In Analytics, Visualization

air-traffic-control

Why do we need situational intelligence?

When we lack information, or information is not easily consumed or comprehended, then our decisions are compromised. We don’t have the right information, at the right time, or in the right form to lead to the best possible outcome.

At its core, situational intelligence handles all of the relevant data needed to derive insights that will guide your decisions. Today’s environment typically means large volumes of disparate data, pouring too quickly into over-burdened systems, leaving executives and analysts alike wondering if they can believe the data they see.  Some insights can be derived only by sifting through this ever-growing mountain of data looking for hidden correlations. Correctly correlating and analyzing all of necessary the data and correctly presenting results, recommendations and predictions is the biggest differentiator of situational intelligence over traditional analytics.

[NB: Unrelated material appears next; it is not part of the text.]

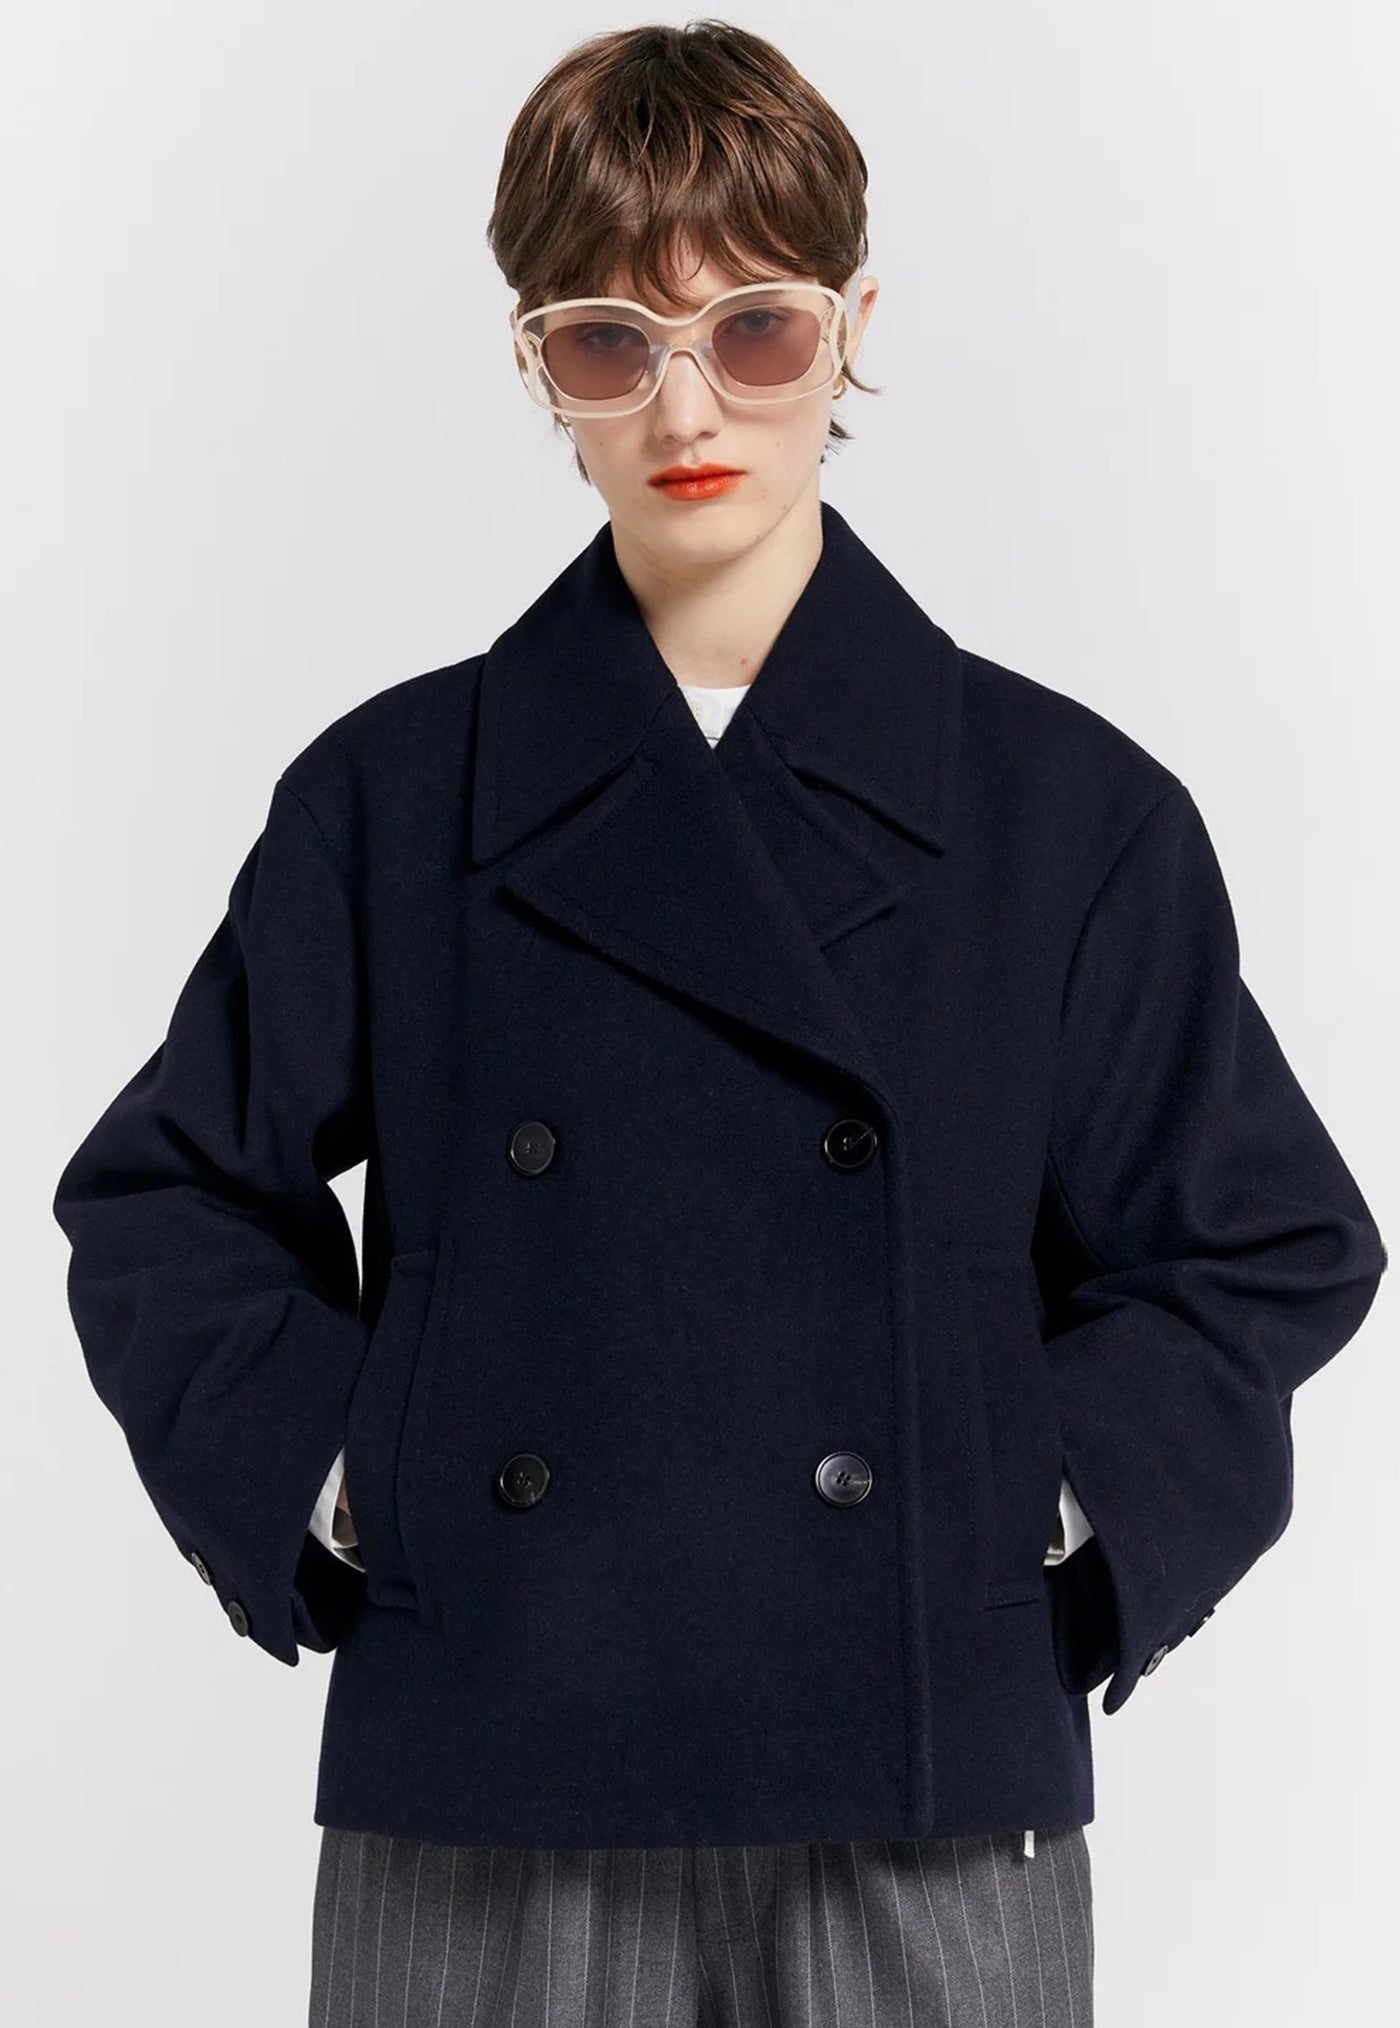 Cropped Peacoat - Navy sold by Angel Divine

Unlike typical business intelligence or stand-alone analytics solutions, with situational intelligence we receive valuable details, recommendations and predictions that typically result in enhanced competitive advantage through:

  • Cost savings
  • Increased efficiencies, productivity and performance
  • Increased revenues
  • Improved client engagement that raises satisfaction
  • Better understanding of exposure that facilitates better management of risk

To put this into a concrete example, consider why airports need flight and ground traffic control systems. There is the obvious answer – to know where airplanes vehicles and people are both in the air and on the ground, to safely and efficiently stage their movement. Managing traffic at an airport requires context, such as the current and forecasted weather, to achieve the best possible safety and efficiency. Even a seemingly simple matter such as a broken jetway has many consequences that affect the context of ground control, fueling, cabin cleaning, luggage, passenger relocation, food service, etc. Now, imagine the complexity of handling a crisis situation such as an airplane needing to make an unplanned emergency landing.

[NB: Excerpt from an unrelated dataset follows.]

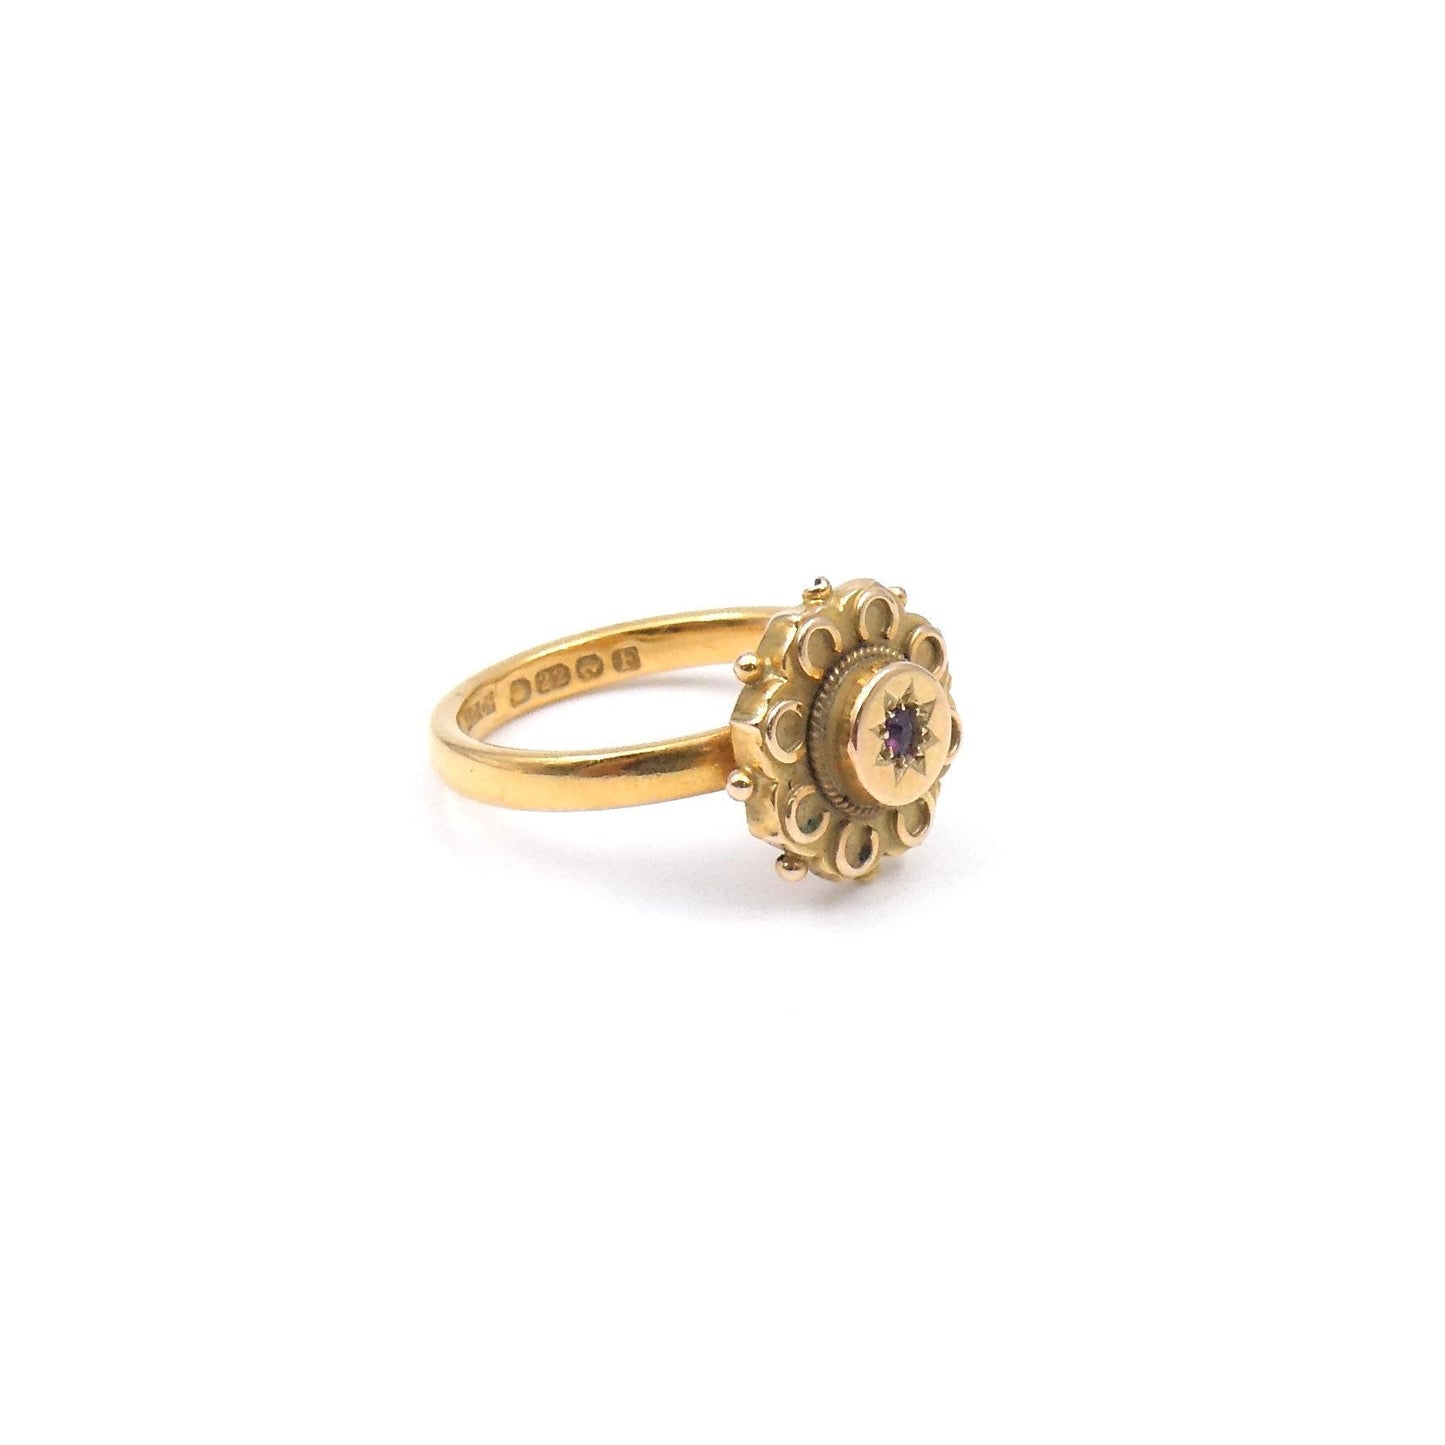 Antique gold ring, Etruscan style ring and a star set ruby hallmarked 18kt and 22kt gold - Collected

Managing an operation with as much complexity, interdependencies and consequences as an airport requires the staff in the operations control center to have a live, real-time, big-picture view of everything that is happening and, ideally, also what is most likely to happen. As you surely recognize, keeping track of so much fast-changing information in a person’s head alone is impossible and prone to errors and omissions.

Clearly having as much relevant and easily comprehensible information as possible provides the context that we naturally seek to guide our decisions and actions. In a follow-on blog I will explain why and how various technologies such as flexible data access, analytics, machine learning, artificial intelligence and visualization should be seamlessly integrated to create and deliver situational intelligence that is truly actionable.